Critical time for BC's new water law

BC’s new Water Sustainability Act will not successfully protect the
province’s freshwater resources unless the right regulations and
resources are in place to make the law fully functional, says an
analysis by the University of Victoria’s POLIS Project on Ecological
Governance.

The report provides a timely analysis of the core regulations required
for the law, which was passed in May 2014, and which still requires
legislative detail before being implemented. The new law replaces the
106-year-old Water Act, providing an unprecedented opportunity to fully
modernize BC’s water laws.

Awash with Opportunity: Ensuring the Sustainability of British
Columbia’s New Water Law offers clear recommendations to develop the
necessary regulations based on leading international practices in five
key areas: groundwater, environmental flows, monitoring and reporting,
water objectives, and planning and governance.

"Mounting water concerns in the province underscore the urgent need to
reform water management and the supporting legal structures," says
report co-author Deborah Curran, Hakai Professor in Environmental Law
and Sustainability in UVic’s Faculty of Law.

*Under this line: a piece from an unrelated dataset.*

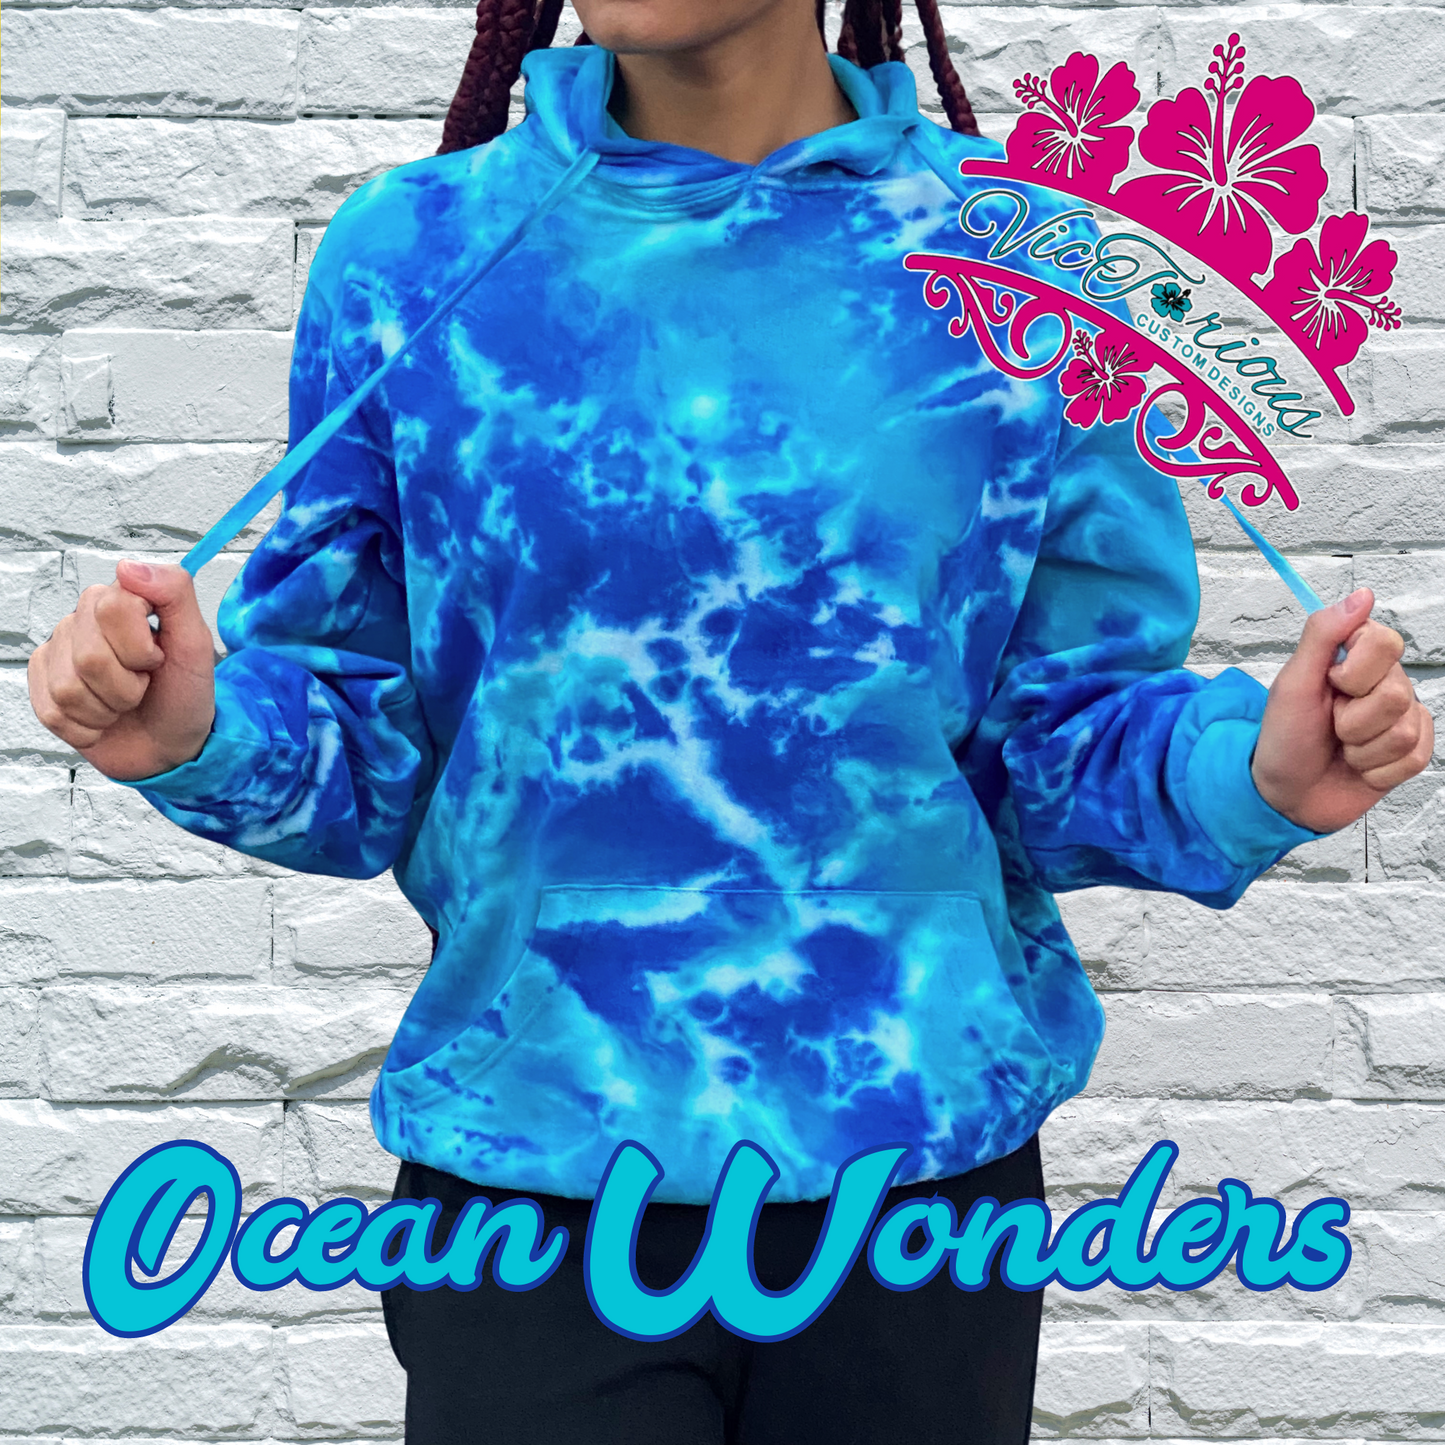 Ocean Wonders Tie Dye Hoodie

BC’s fresh water is under pressure from an array of threats including
climate change, population growth, and escalating and competing demands
for water. Watersheds across the province are showing signs of stress
from unprecedented droughts to water quality degradation and conflicts
over water use.

If BC doesn’t change its approach to freshwater management in response
to these realities, the consequences may be significant, as demonstrated
by the recent water crises in California and Washington, and globally, says POLIS
 co-director Oliver M. Brandes, who authored the report with Curran and POLIS colleagues.
"A comprehensive water law regime that includes a fully implemented
Water Sustainability Act and a full suite of supporting regulations is a
necessary condition to ensure that future water challenges don’t become
debilitating water crises," says Brandes.